De acordo com a análise da McAfee, o implante Rising Sun, utiliza o código-fonte do Trojan Duuzer de backdoor, criado pelo Lazarus Group em 2015 (a quem se atribuiu a coordenação do ataque WannaCry), com uma nova estrutura para se infiltrar nesses importantes setores.
As ligações da Operação Sharpshooter ao Lazarus Group, de acordo com os pesquisadores, parecem óbvias demais para concluir de imediato que o temido grupo seja responsável, indicando possíveis sinais falsos. É comum que cada grupo de ataque tenha suas próprias características, por isso, a pesquisa se concentra como esses criminosos cibernéticos operam, o impacto global que causariam e como detectar o ataque.
Impacto global
A descoberta desse novo implante de alta funcionalidade é mais um exemplo de como os ataques direcionados tentam obter informações de inteligência. O malware se movimenta em diversas etapas. O vetor de ataque inicial é um documento que contém um macro armado para baixar a próxima etapa, que é executada na memória e coleta informações de inteligência. Os dados da vítima são enviados para um servidor de controle para ser monitorado pelos agentes, que, por sua vez, determinam as próximas etapas.

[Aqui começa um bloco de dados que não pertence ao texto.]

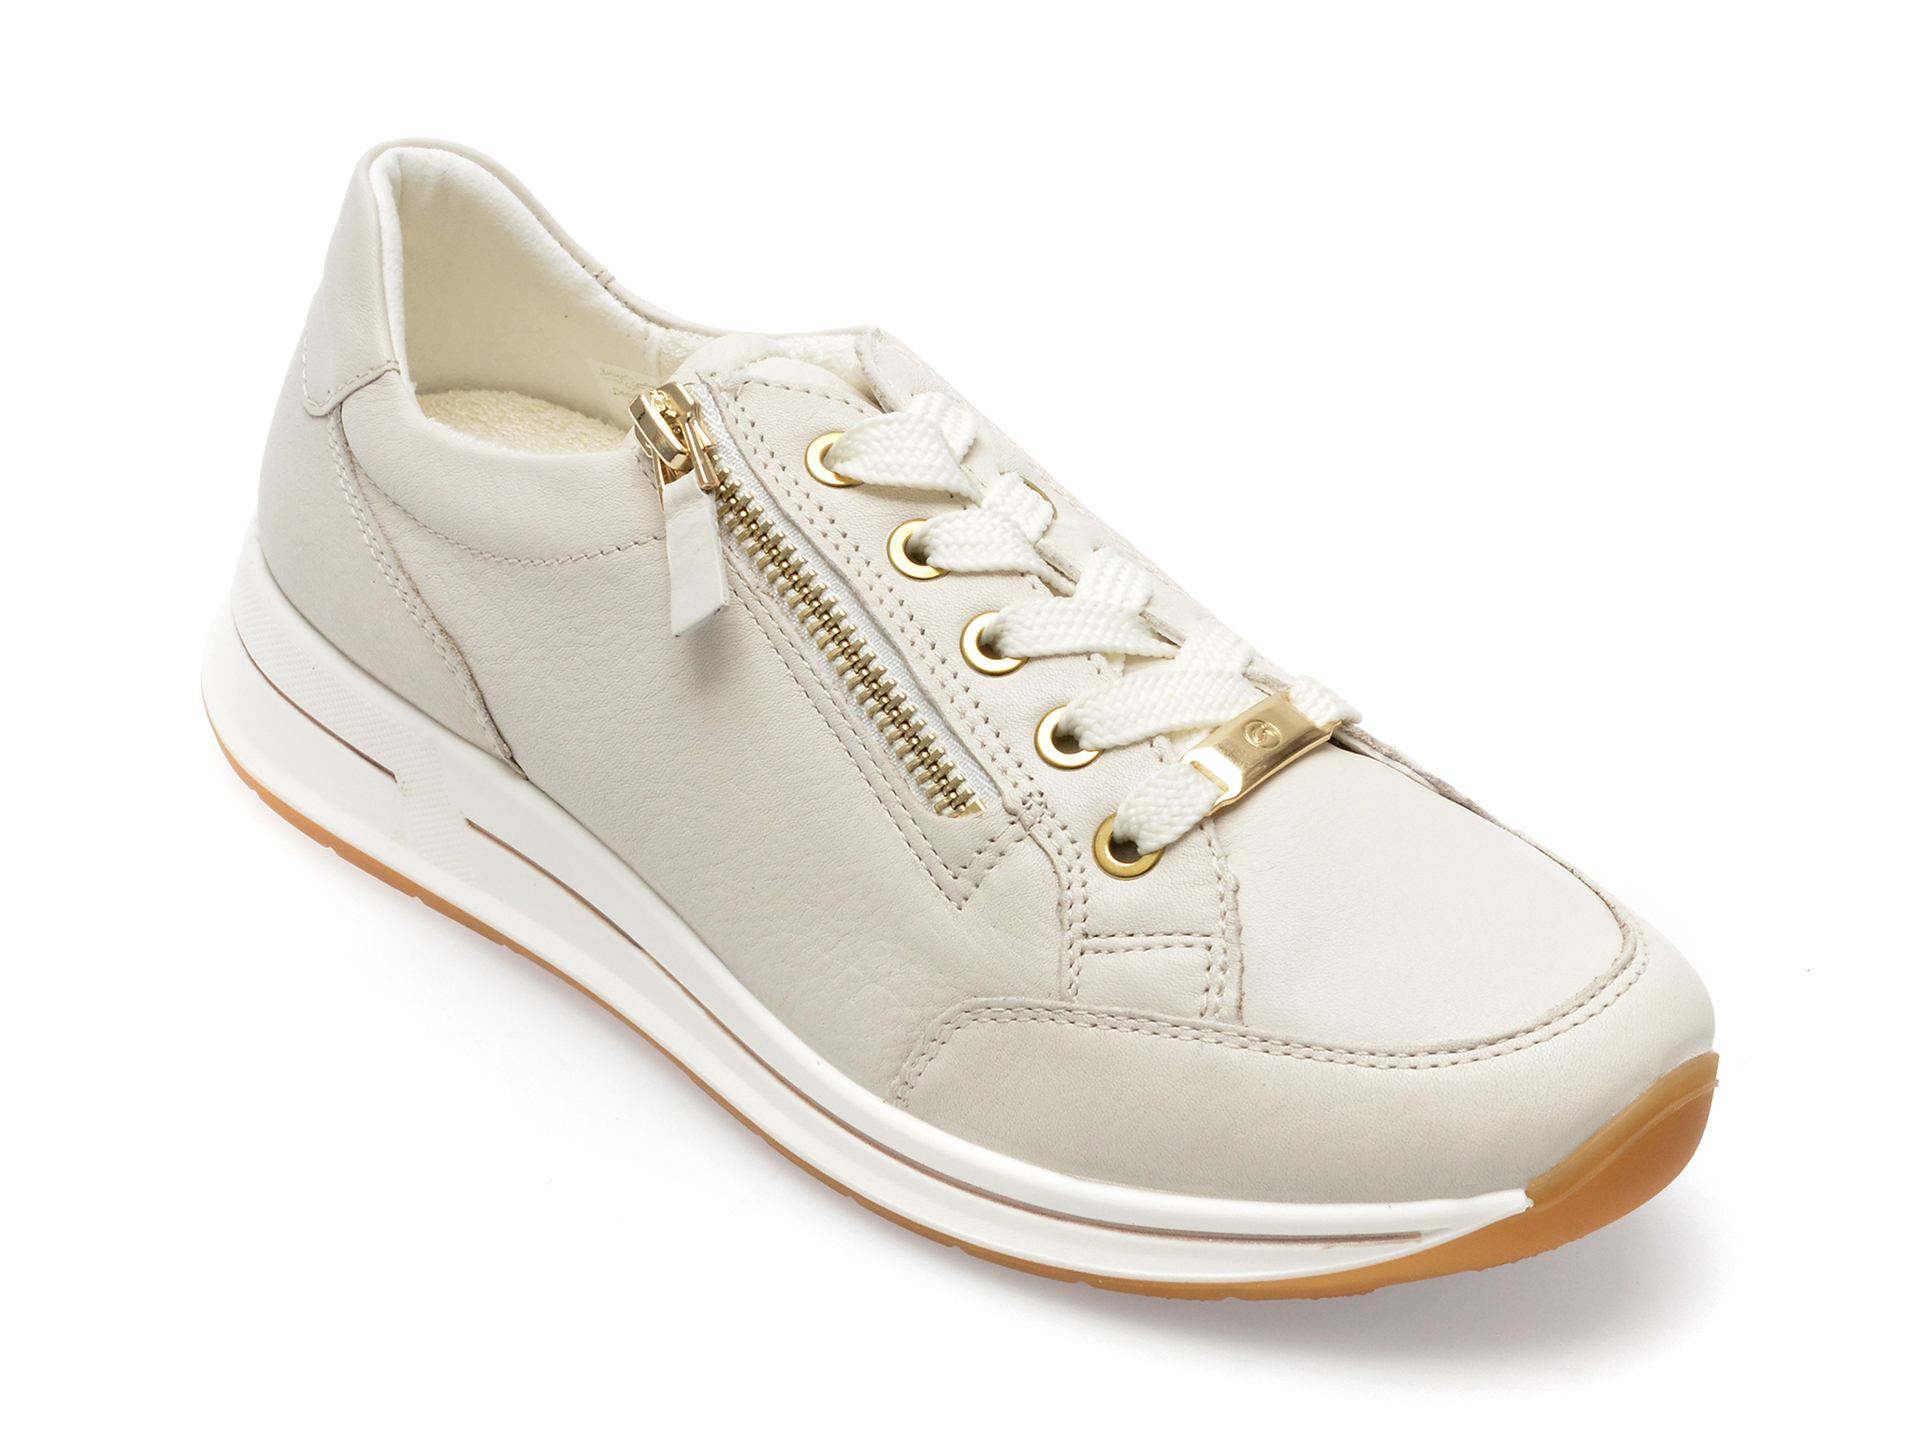 Pantofi ARA albi, 24801, din piele naturala /sale

Os pesquisadores da McAfee dizem que nunca tinham observado esse implante antes e questionam se esse ataque foi só uma operação inicial de reconhecimento ou se haverá outros. A empresa continuará monitorando a campanha e anunciará se houver outros acontecimentos. A equipe McAfee Advanced Threat Research encoraja demais profissionais das áreas de segurança a compartilhar suas informações sobre a campanha e sobre quem é responsável pela Operação Sharpshooter.